> **What to work on**: Please give back, exactly as written, the lines from the line with "Instructions / Checklist" to the line with "Matching South Sea" in the listing below, leaving out all pictures.

> **Provided material**:

▼▼▼

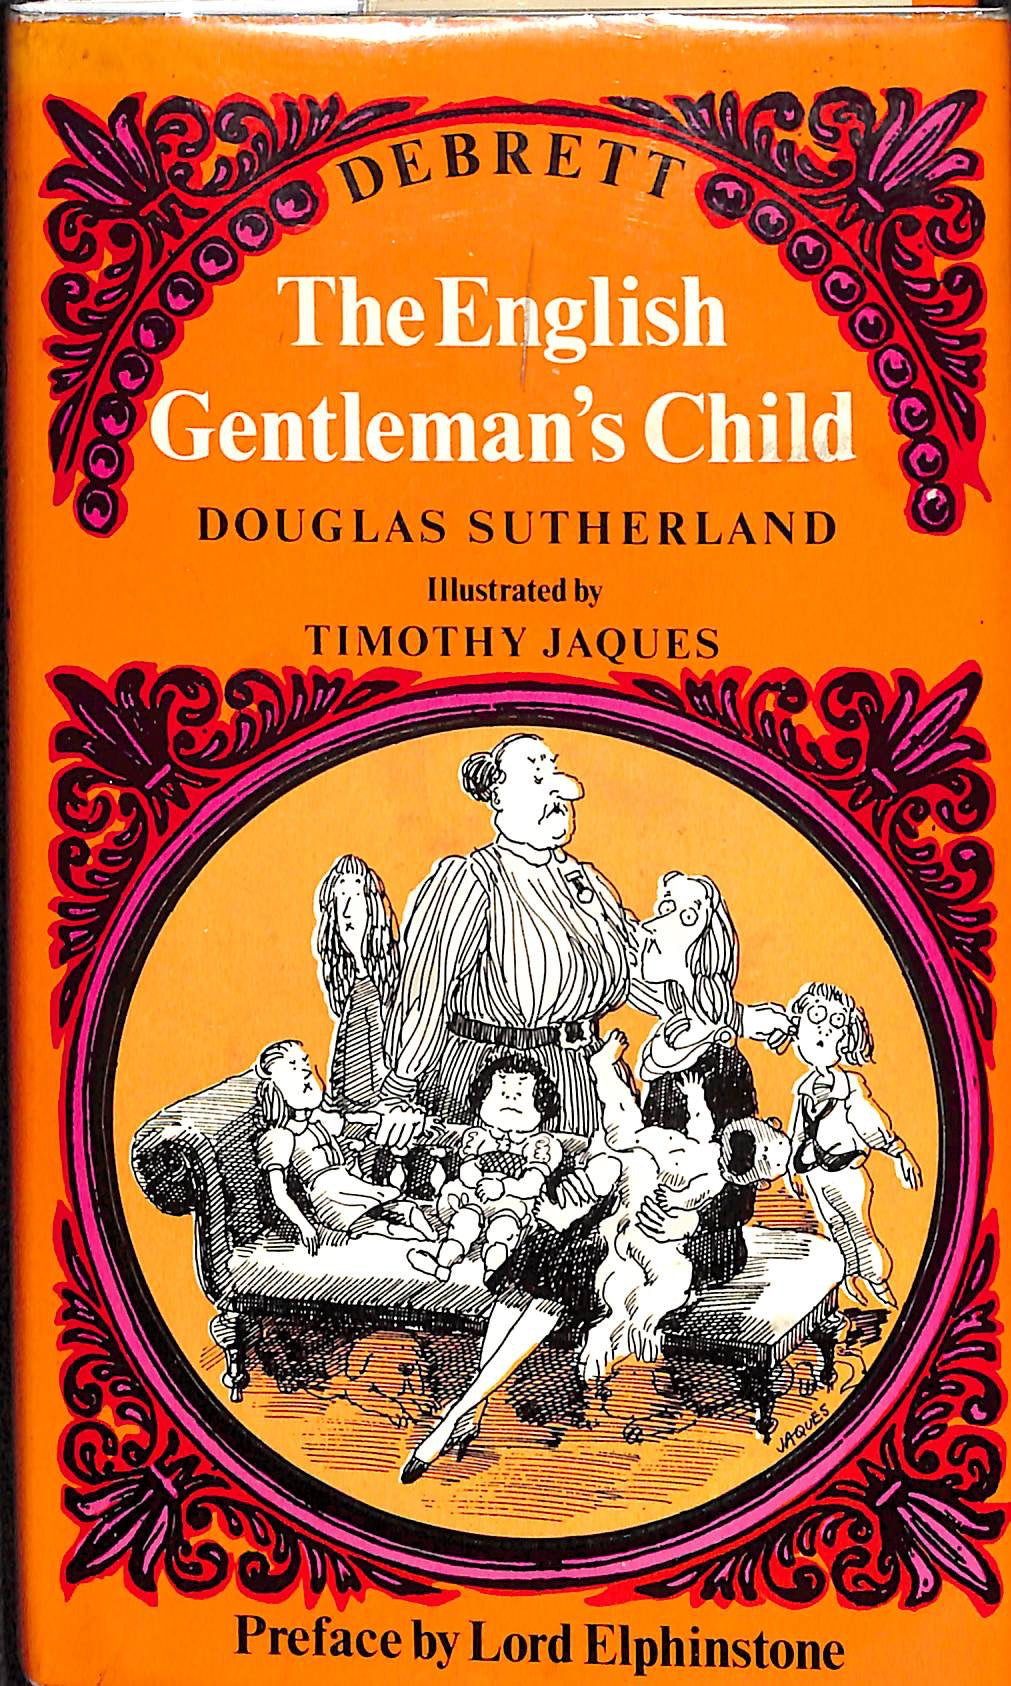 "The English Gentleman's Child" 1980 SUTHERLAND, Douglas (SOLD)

▲▲▲
▼▼▼

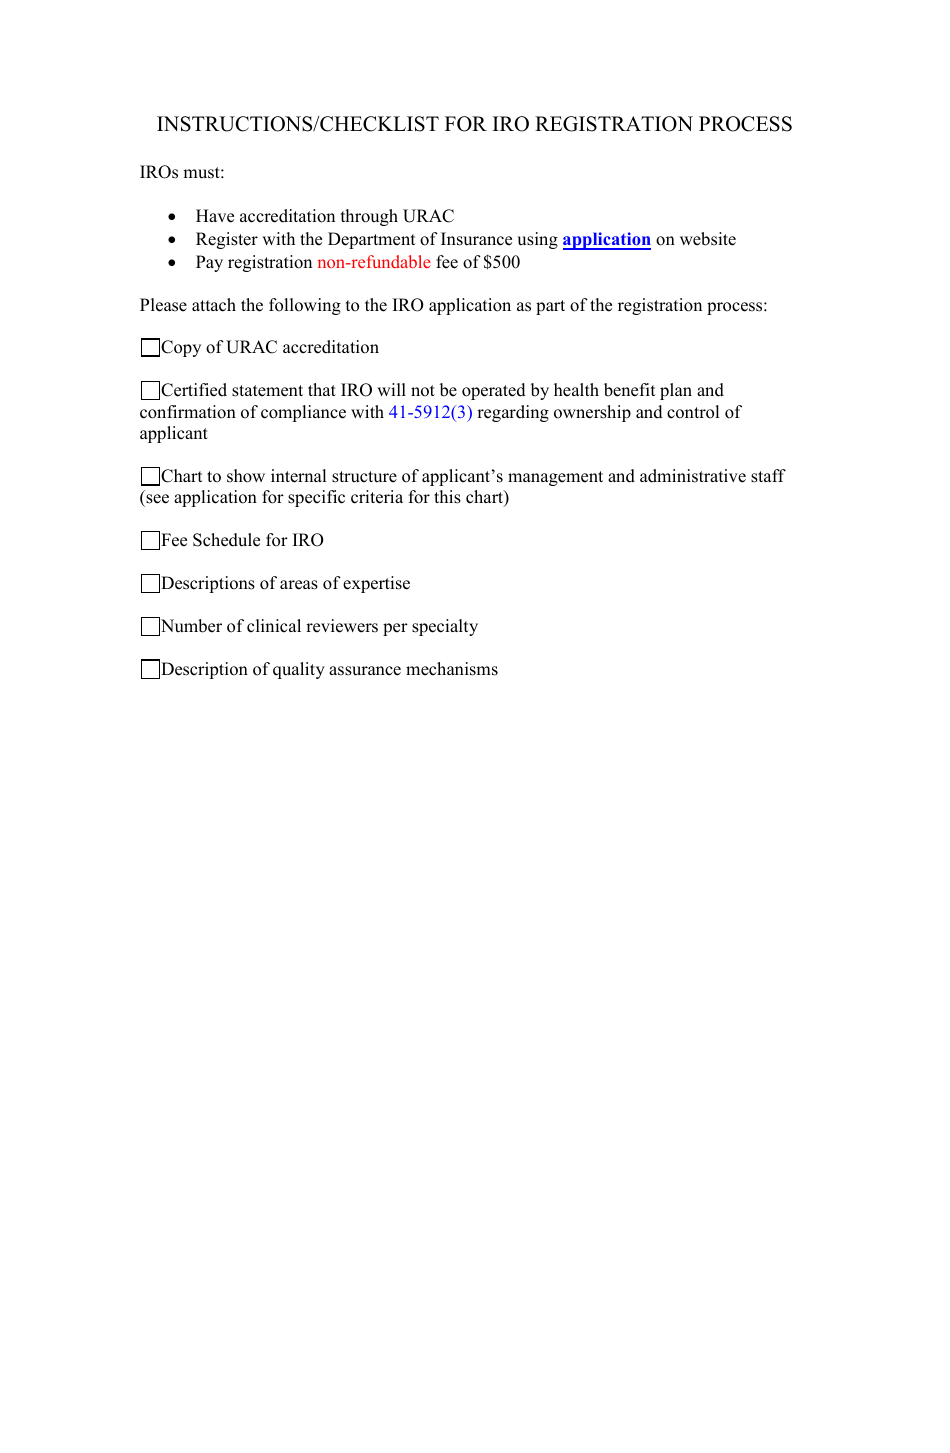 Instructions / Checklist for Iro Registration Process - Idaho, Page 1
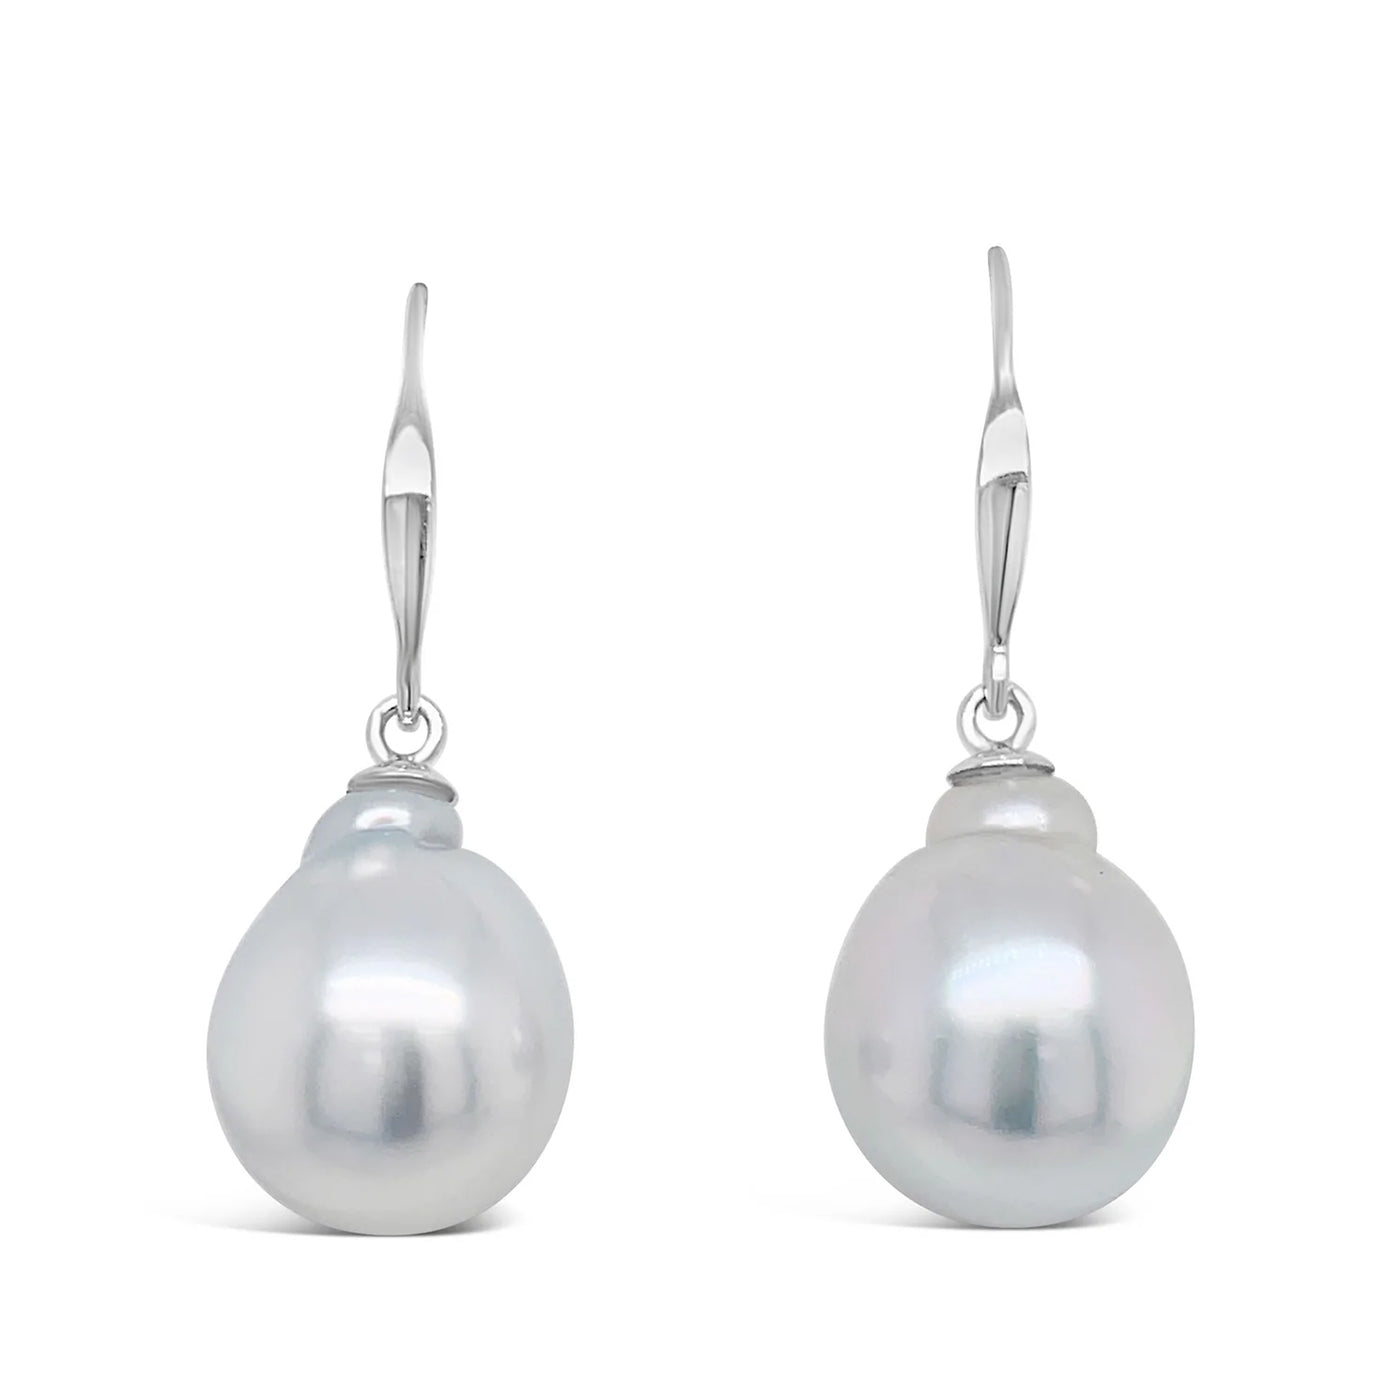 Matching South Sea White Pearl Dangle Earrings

▲▲▲
▼▼▼

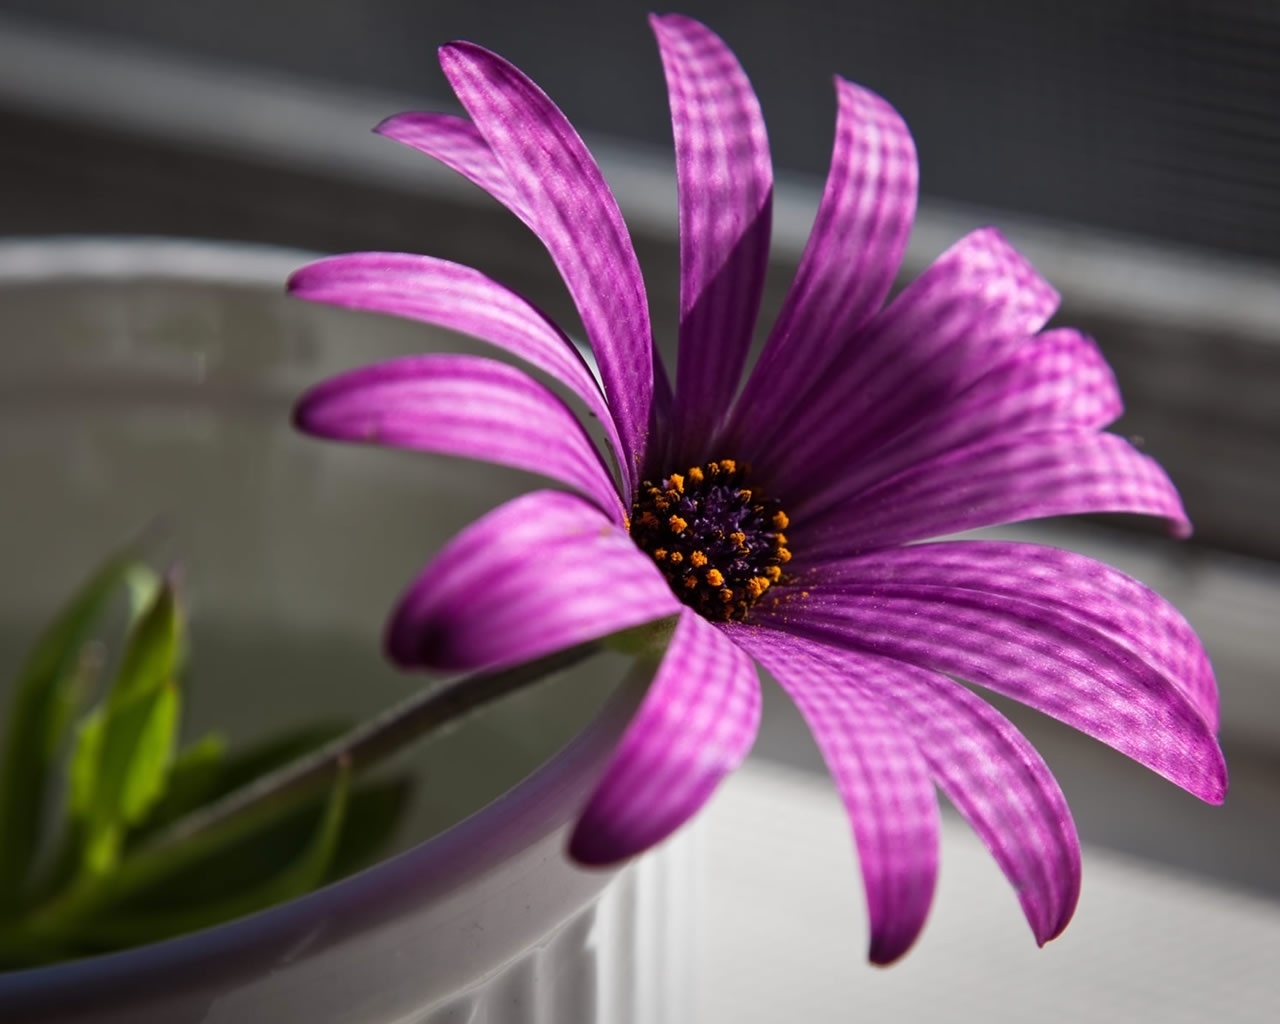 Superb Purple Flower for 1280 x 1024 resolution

▲▲▲

> **Solution**:
 Instructions / Checklist for Iro Registration Process - Idaho, Page 1
 Matching South Sea White Pearl Dangle Earrings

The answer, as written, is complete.